RAPIDS open-source software enables end-to-end data science and analytics pipelines to run entirely on GPUs. Key to RAPIDS is cuDF, a pandas-like Python data frame library with a high-performance CUDA C++ implementation. cuDF and RAPIDS enable large speedups for end-to-end data science using GPUs.
Modern data science demands interactive exploration and analysis of very large volumes of data. Data scientists rely on Python for solving problems of all scales, but the biggest workloads today run up against the limits of CPU performance and scalability.
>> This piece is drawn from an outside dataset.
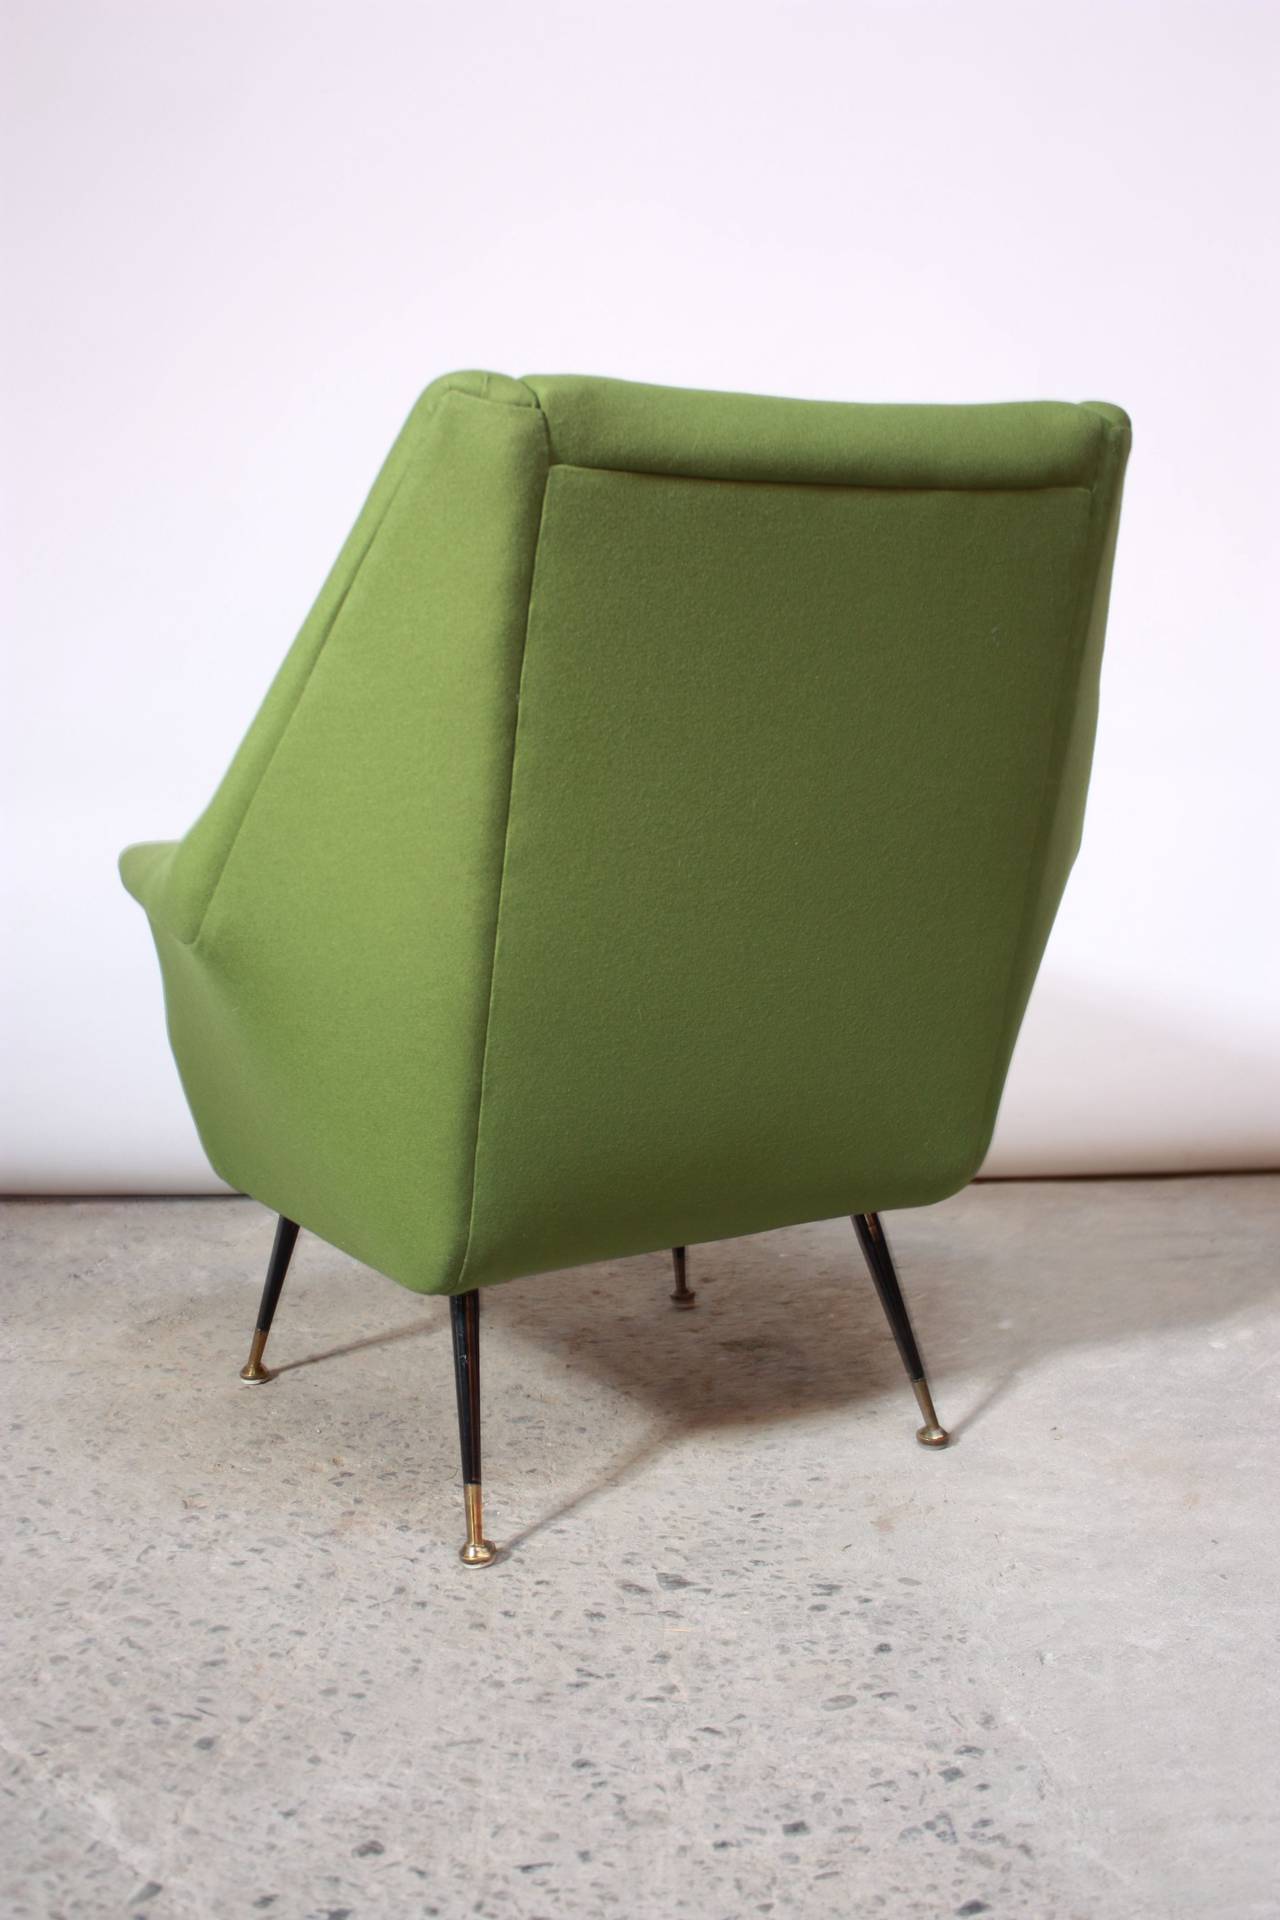 Mid-Century Modern 1950s Italian Lounge Chair Attributed to Gio Ponti

The massive parallelism, high memory bandwidth and high-speed interconnect of the latest GPUs provide a solution.
RAPIDS is a suite of open-source software libraries that enables end-to-end data science and analytics pipelines to run entirely on GPUs, providing end-to-end speedups of 50x or more. cuDF is a DataFrame manipulation library based on Apache Arrow, a columnar in-memory data format. cuDF provides a familiar pandas-like Python API to accelerate loading, filtering, and manipulation of data for model training data preparation.
cuDF accelerates data preparation workloads by keeping datasets in GPU memory and applying high-performance data-parallel CUDA C++ algorithms for everything from file parsing (CSV, Parquet, ORC, etc), decompression and loading, to selection, sorting, joining, grouping, and aggregation. Combined with the RAPIDS cuML machine learning library and the cuGraph GRAPH analytics library, data scientists can achieve impressive end-to-end speedups and perform interactive ETL and training on very large data sets.
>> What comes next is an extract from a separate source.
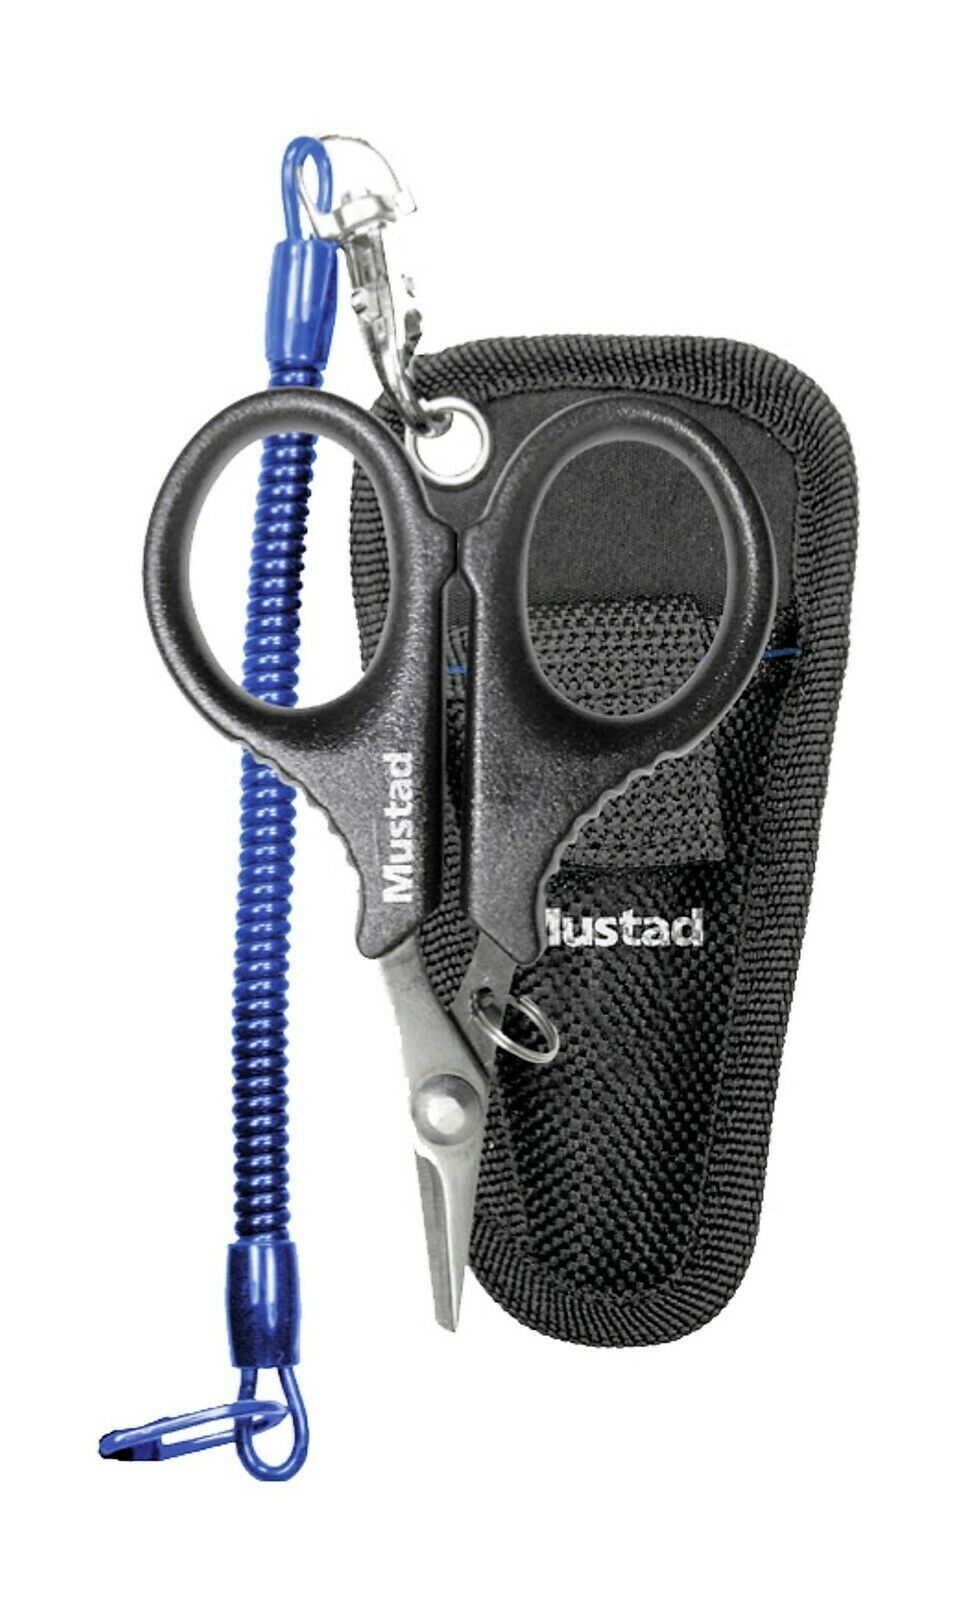 Wilson Stainless Steel Braid Fishing Line Scissors Cutter

In this talk I will provide an overview of RAPIDS with a focus on the features, functionality and software architecture of cuDF. I’ll share some performance results along with details of how cuDF combines Python and Apache Arrow with Numba, CUDA, and Dask to achieve high performance and scalability on massive workloads.
Watch 'cuDF: RAPIDS GPU-Accelerated Dataframe Library' on PyCon AU's YouTube account
Mark is a Principal System Software Engineer working on RAPIDS. Mark has twenty years of experience developing software for GPUs, ranging from graphics and games, to physically-based simulation, to parallel algorithms and high-performance computing. While a Ph.D. student at The University of North Carolina he recognized a nascent trend and coined a name for it: GPGPU (General-Purpose computing on Graphics Processing Units), and started GPGPU.org to provide a forum for those working in the field to share and discuss their work. Mark lives with his family in the MacKellar range in northern New South Wales.